- Poster
- Directed by: Raghunath Jhalani
- Written by: Sachin Bhowmick (screenplay) Sarashar Sailani (story, dialogue)
- Produced by: J. Om Prakash
- Starring: Dharmendra Asha Parekh Nazir Hussain Nirupa Roy
- Cinematography: V. Babasaheb
- Edited by: Pratap Dave
- Music by: Laxmikant–Pyarelal
- Production company: Filmyug
- Release date: 1969;
- Running time: 173 minutes
- Country: India
- Language: Hindi

= Aya Sawan Jhoom Ke =

Aya Sawan Jhoom Ke is a 1969 Indian Hindi-language romantic drama film directed by Raghunath Jhalani and produced by J. Om Prakash. The film stars Dharmendra, Asha Parekh, Nazir Hussain, Nirupa Roy, Bindu, Aruna Irani, and Rajindernath in pivotal roles.

The film opened to positive reception from critics and audiences alike for its soundtrack, story and performances, eventually emerging a superhit and one of the highest-grossing films of 1969.

== Synopsis ==

The plot follows wealthy playboy Jai, who accidentally kills his lover Aarti's father in a car crash on his way to ask for her hand in marriage.

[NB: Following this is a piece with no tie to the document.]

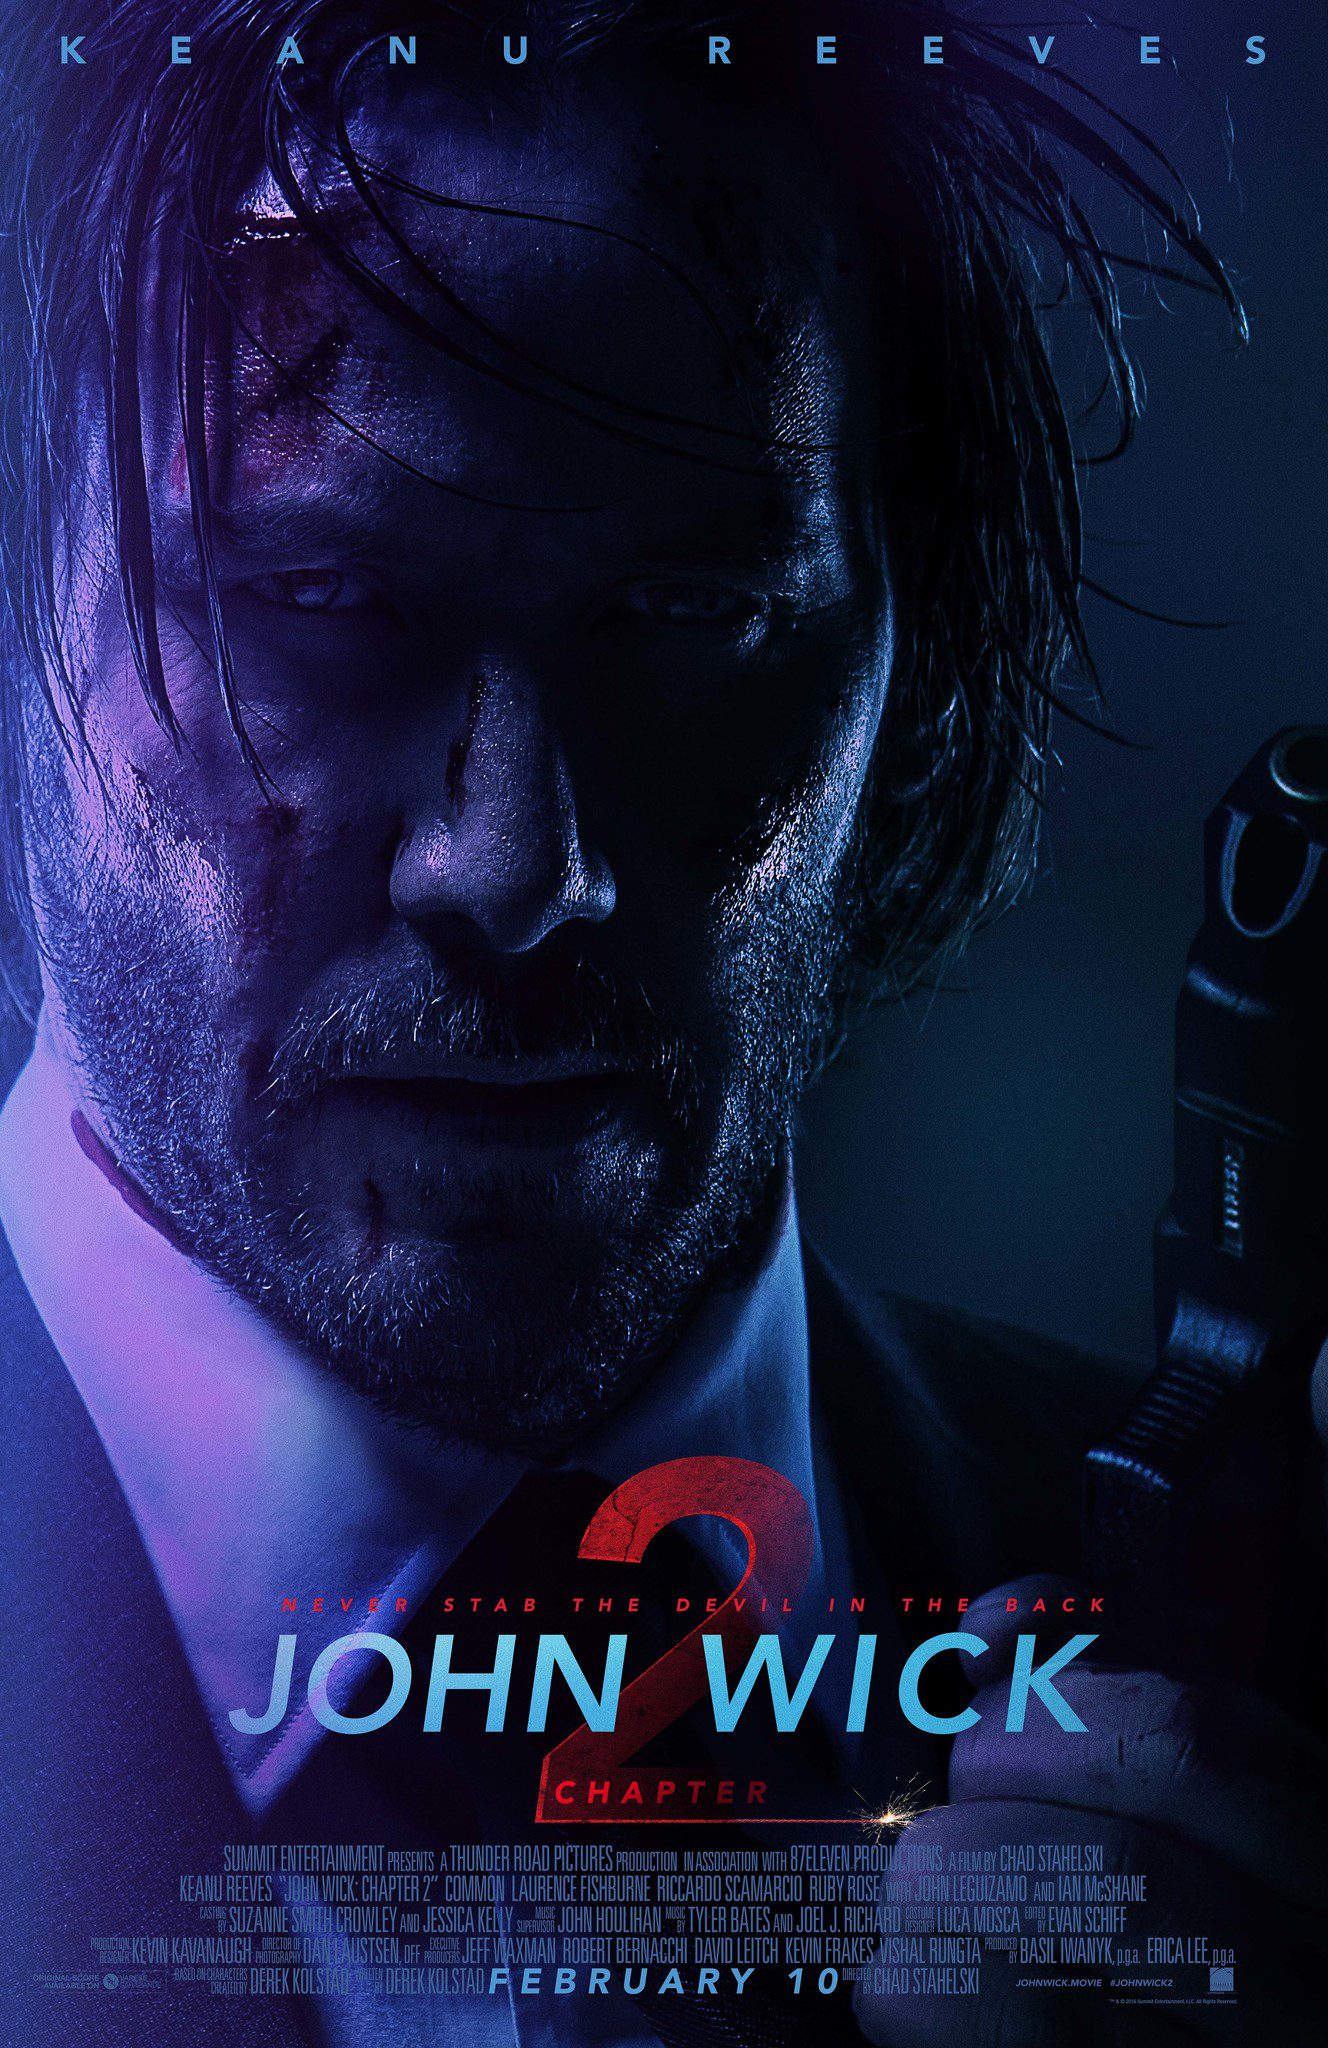 ดูหนังออนไลน์ฟรี John Wick: Chapter 2 จอห์น วิค แรงกว่านรก 2

Complications arise when Aarti discovers the truth and subsequently catches Jai in a compromising position with a cabaret dancer, leading to his disownment and wrongful arrest for murder.

== Cast ==
- Dharmendra as Jaishankar 'Jai'
- Asha Parekh as Aarti
- Ravindra Kapoor as Rajesh
- Nazir Hussain as Lala Jugal Kishore
- Rajendra Nath as Sadhuram Sood
- Nirupa Roy as Maya
- Sunder as Dr. Yudhvir Singh
- Shivraj as Aarti's Father
- Laxmi Chhaya as Rita
- Bindu as Seeta
- Aruna Irani as Mala
- Jalal Agha as Deepak
- Dulari as Mrs. Jugal Kishore
- Nazir Kashmiri as Madho
- Kumari Naaz as Sangeeta Y. Singh

== Production ==
The team of the 1966 film Aaye Din Bahar Ke, including producer (J. Om Prakash), director (Raghunath Jhalani), actors (Dharmendra, Asha Parekh) and composer (Laxmikant–Pyarelal) reunited for Aya Sawan Jhoom Ke.

== Soundtrack ==

The film's soundtrack was composed by Laxmikant–Pyarelal, with lyrics penned by their frequent collaborator Anand Bakshi.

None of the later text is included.